Please transcribe the data below in full. Omit any picture you find in it.

Stored data:
+--
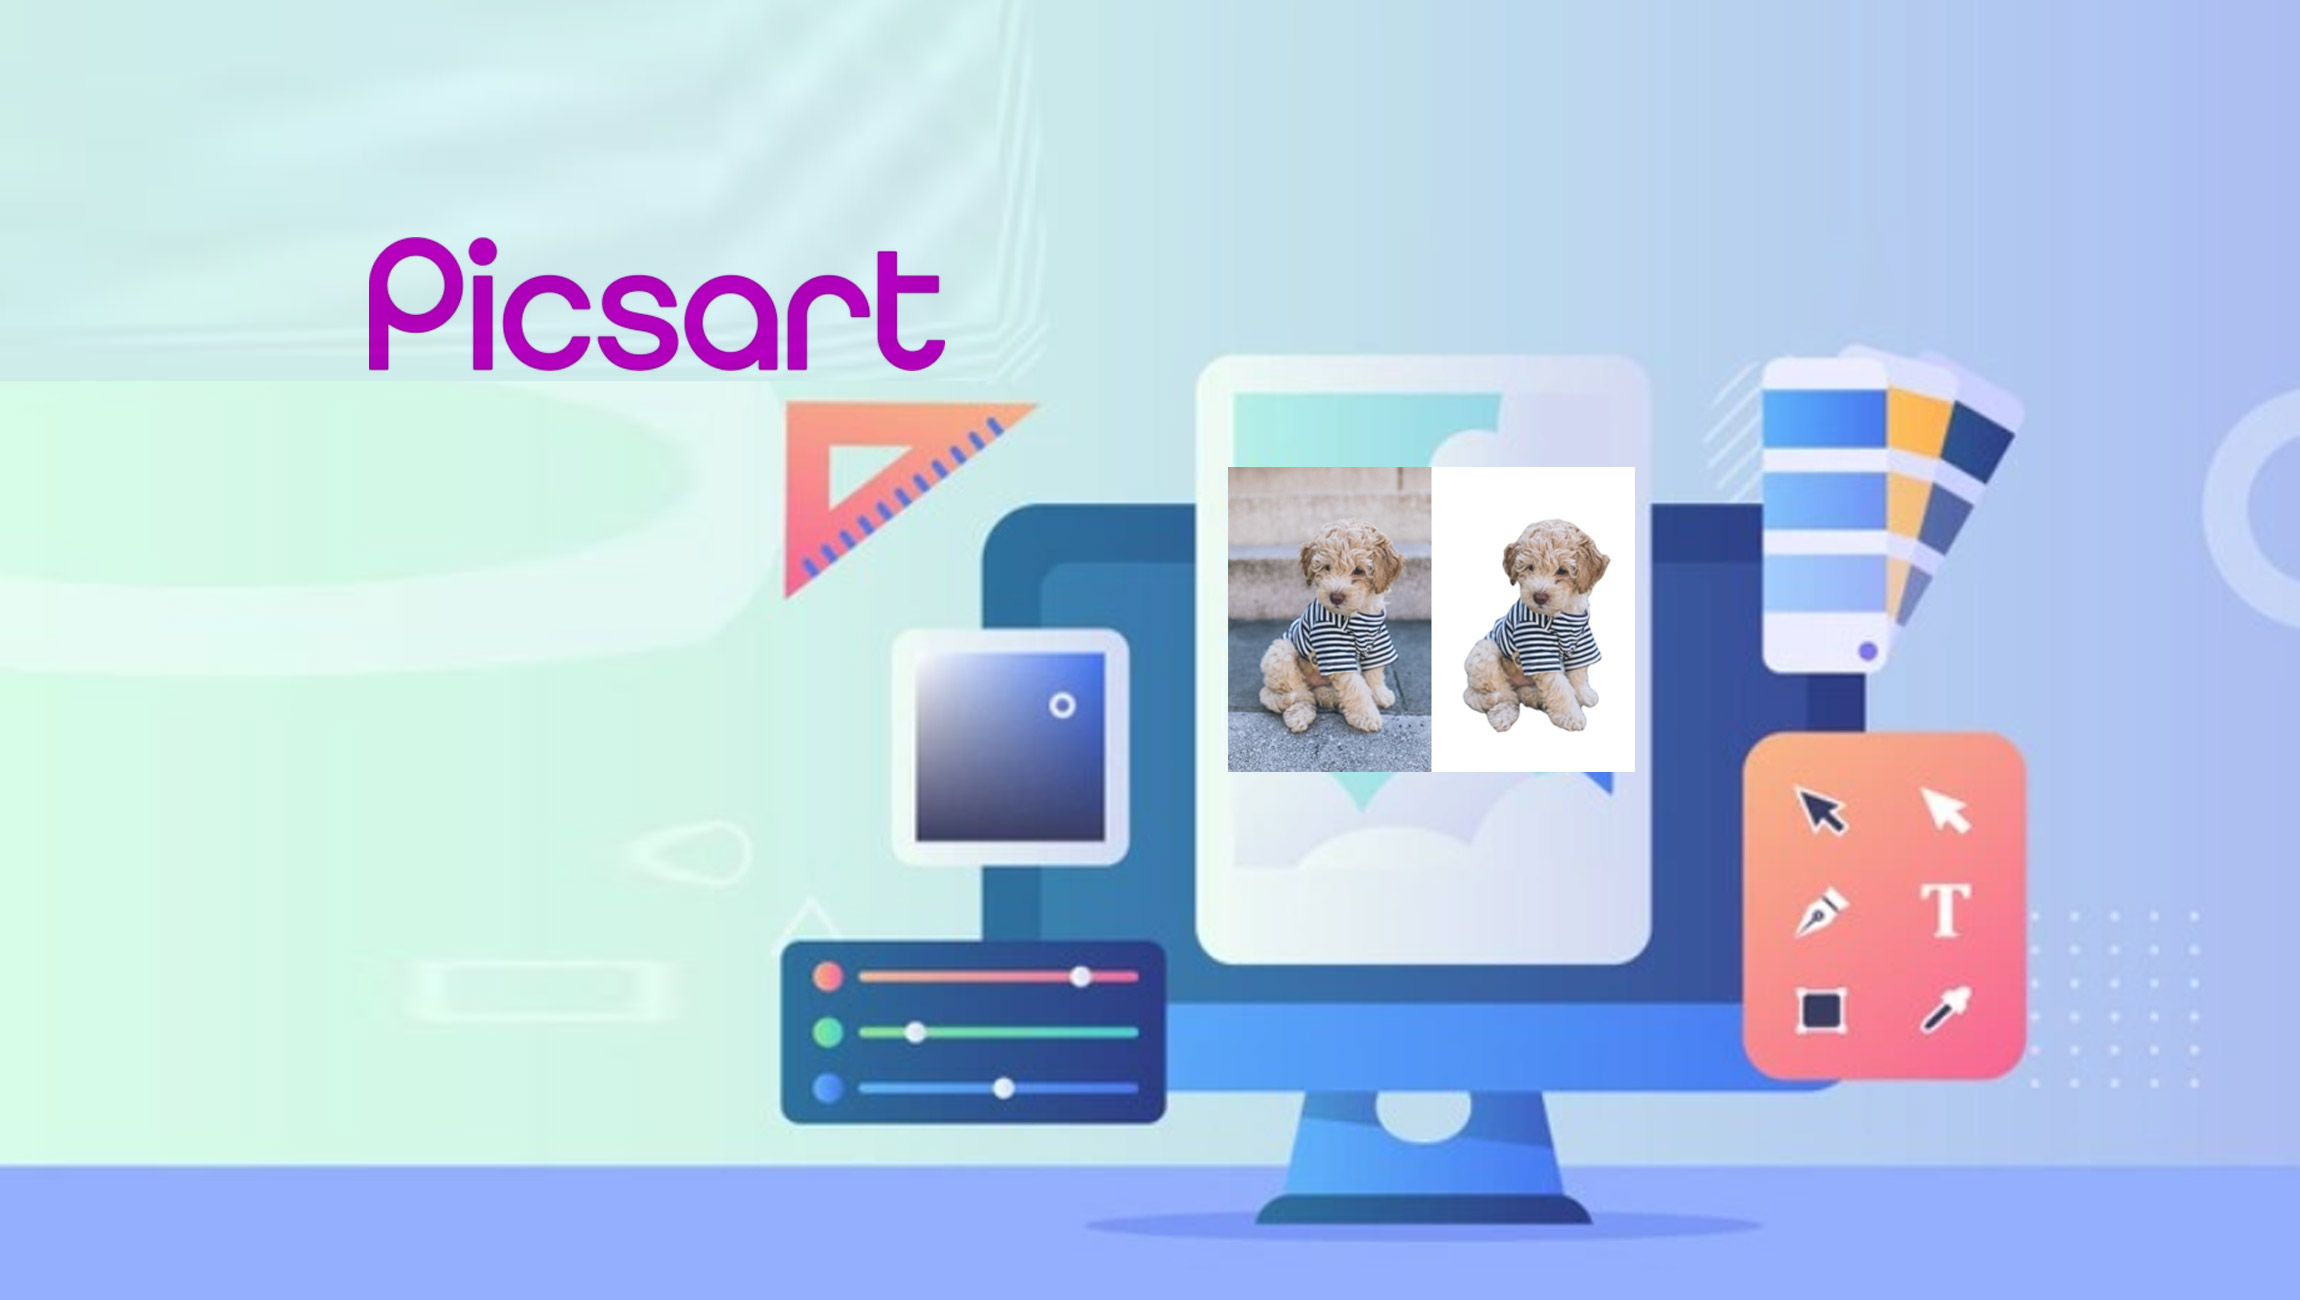 Picsart Launches AI Image Generator and AI Writer Tools to Empower the Creative Workflow 1
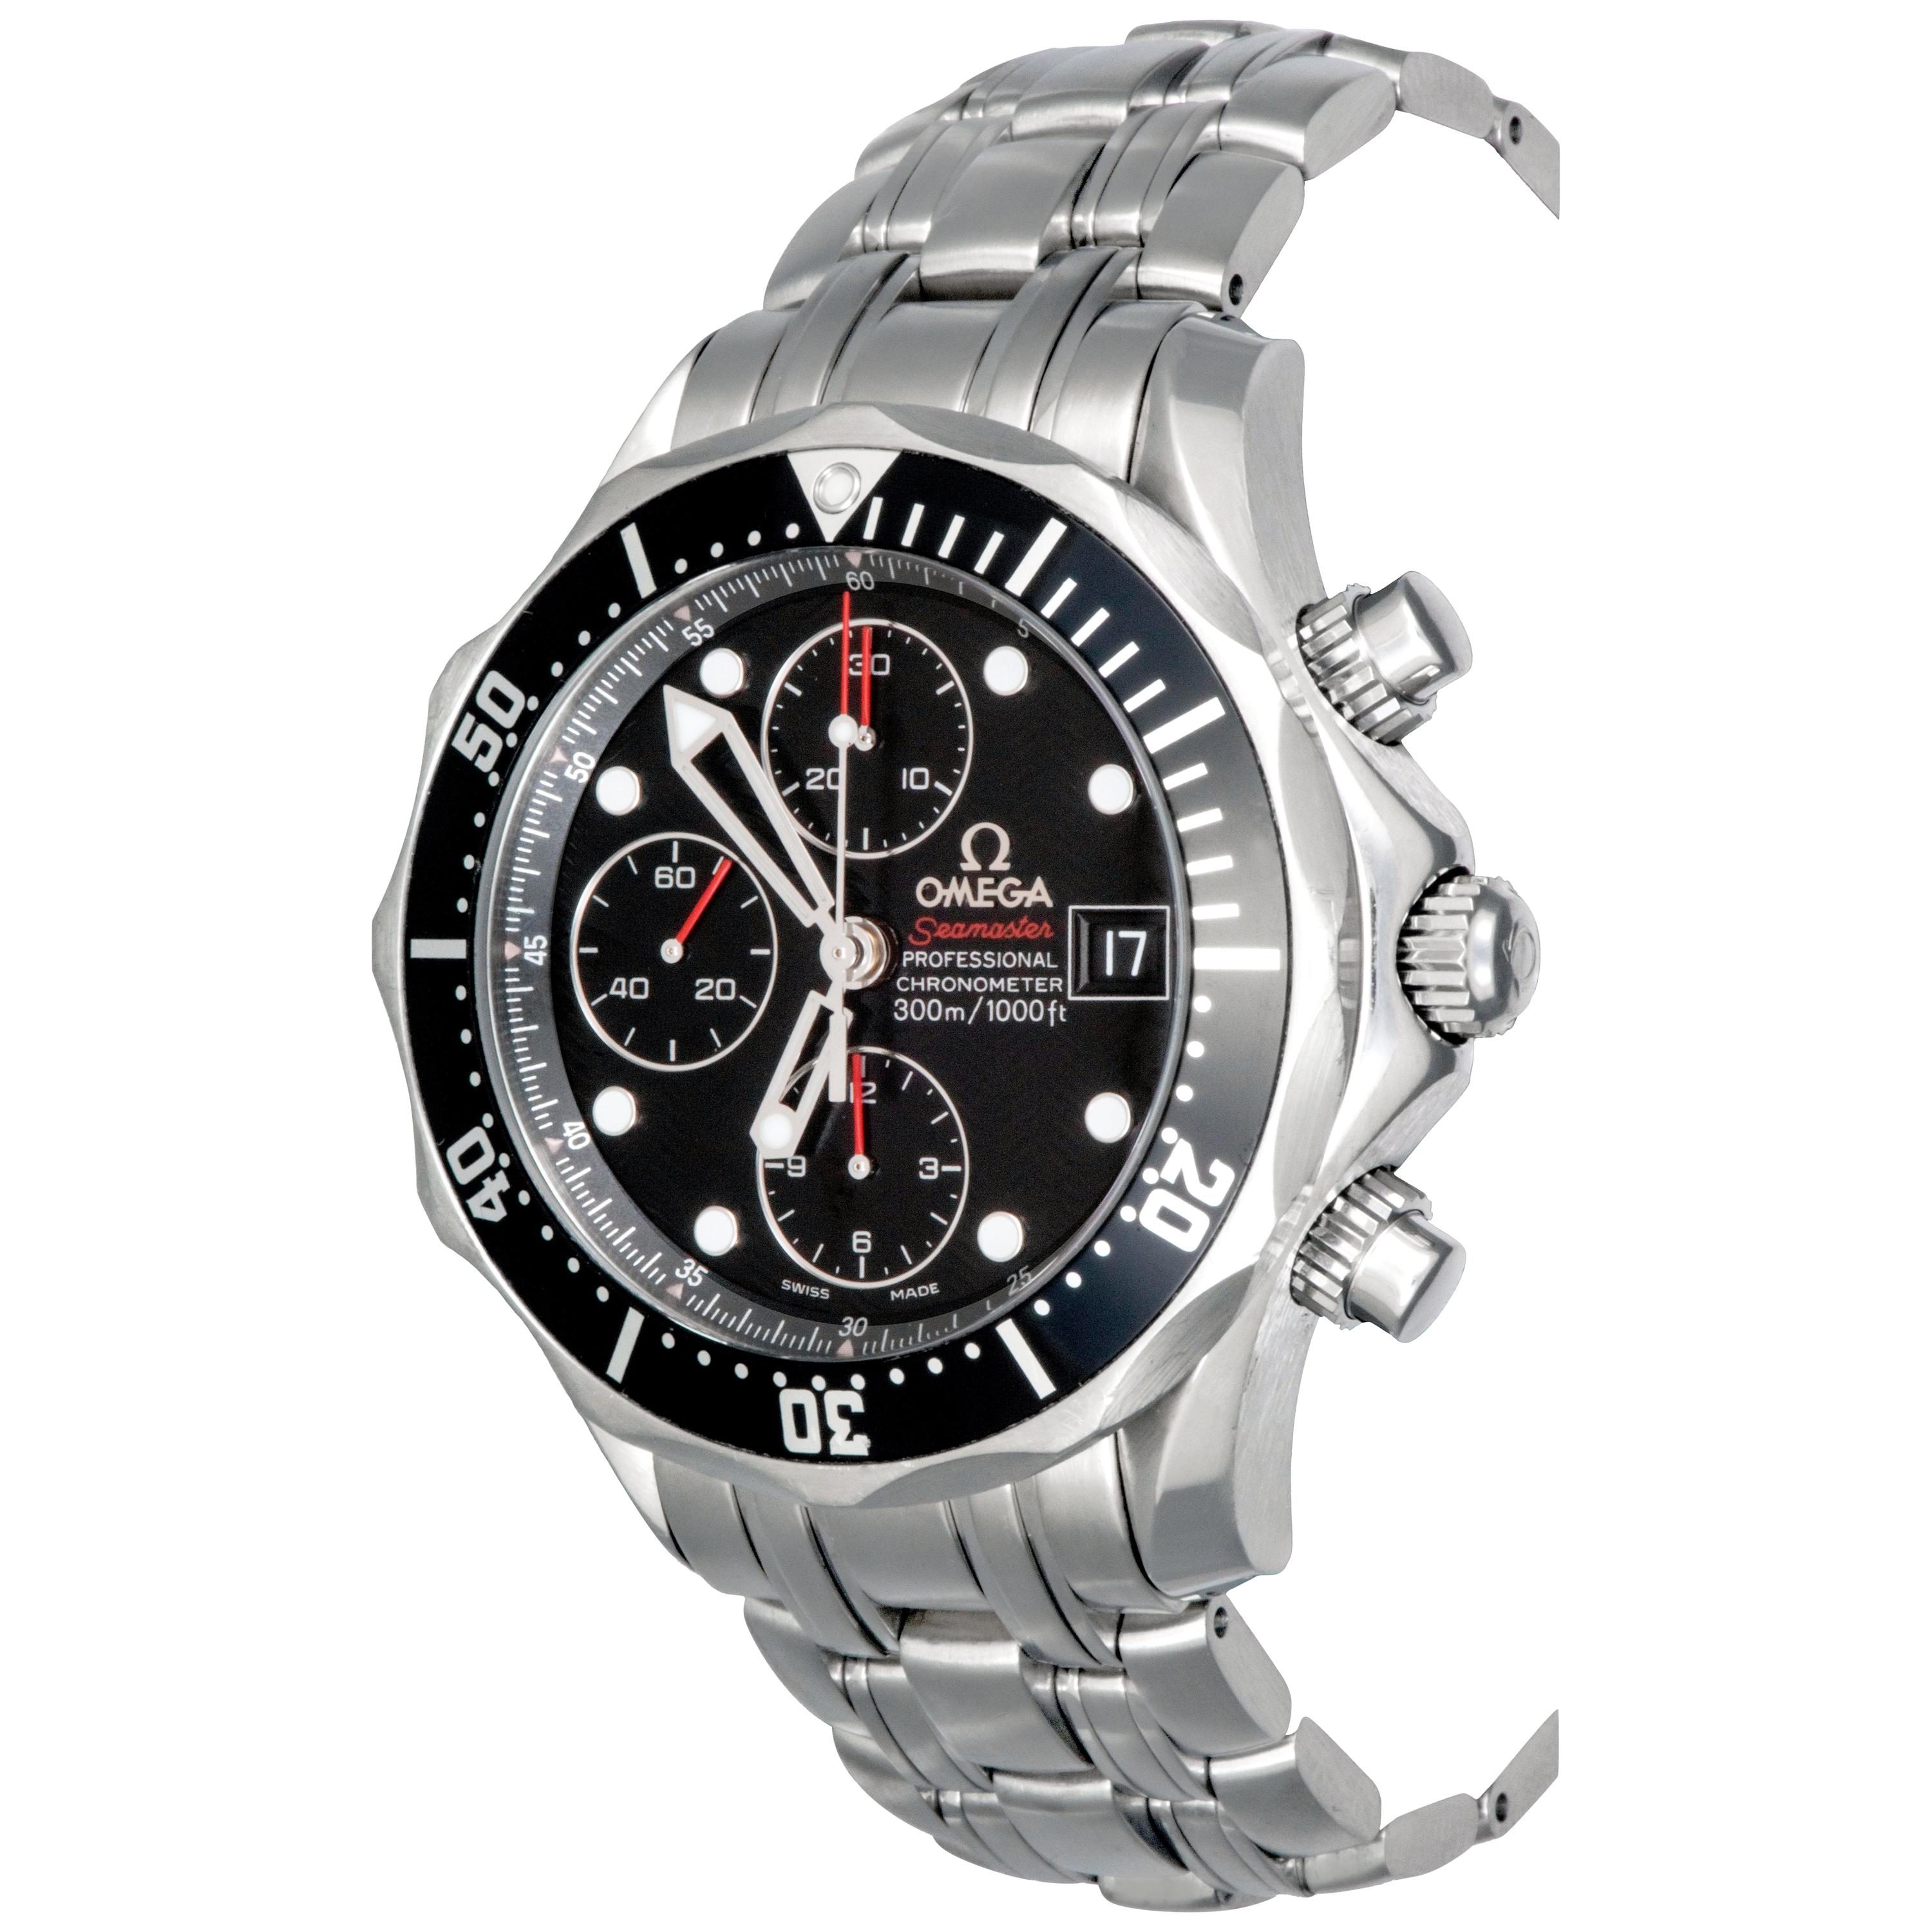 Omega Stainless Steel Seamaster Professional Chronograph Automatic Wristwatch
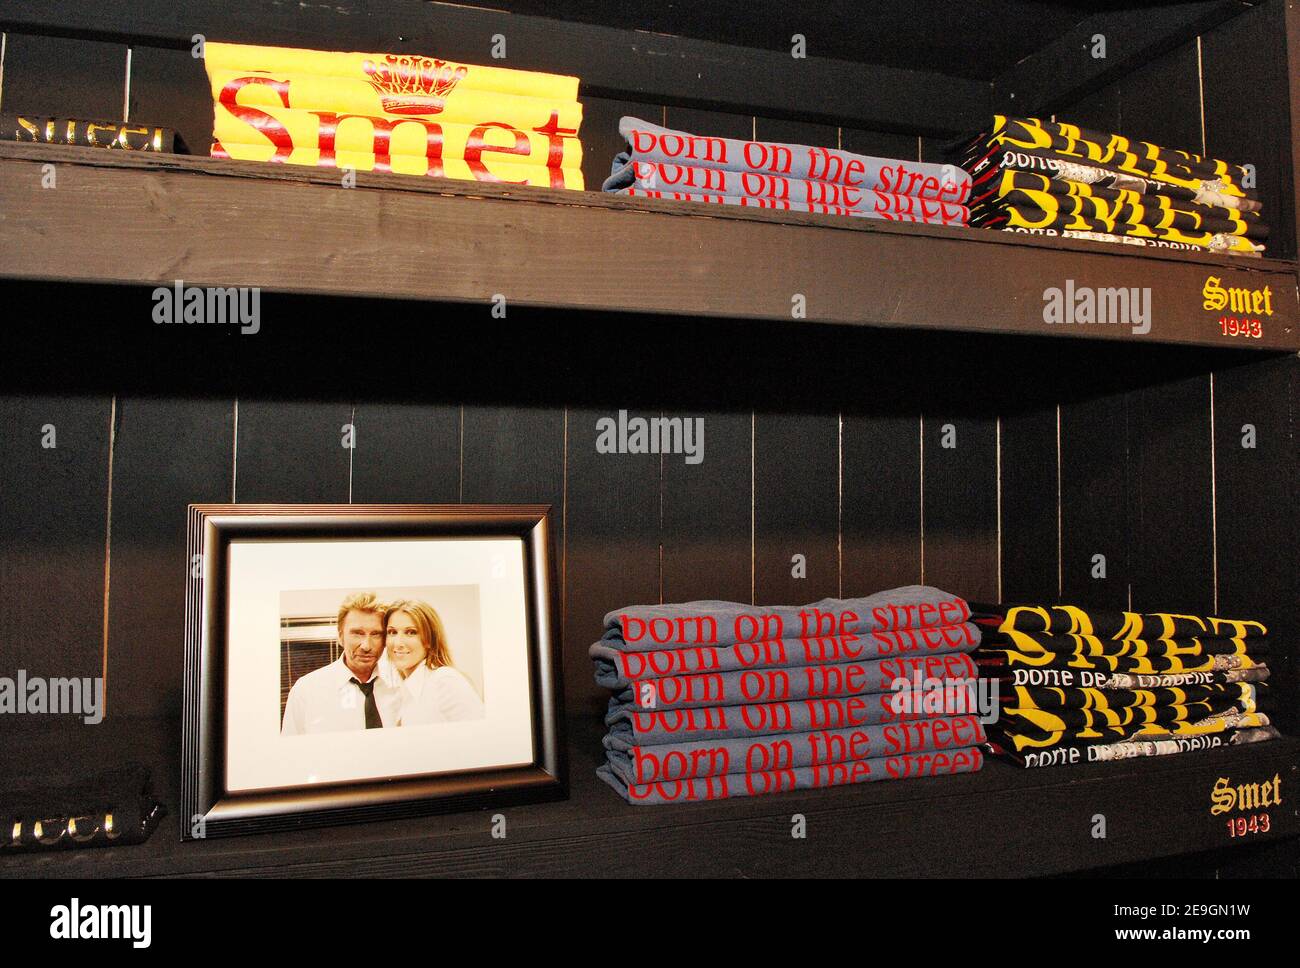 Christian Audigier presents 'Smet ', his latest fashion collection honoring French rock legend Johnny Hallyday in his store of Melrose Avenue in Los Angeles, CA, USA on July 29, 2006. Photo by Lionel Hahn/ABACAPRESS.COM Stock Photo
+--
Answer section:
 Picsart Launches AI Image Generator and AI Writer Tools to Empower the Creative Workflow 1
 Omega Stainless Steel Seamaster Professional Chronograph Automatic Wristwatch
 Christian Audigier presents 'Smet ', his latest fashion collection honoring French rock legend Johnny Hallyday in his store of Melrose Avenue in Los Angeles, CA, USA on July 29, 2006. Photo by Lionel Hahn/ABACAPRESS.COM Stock Photo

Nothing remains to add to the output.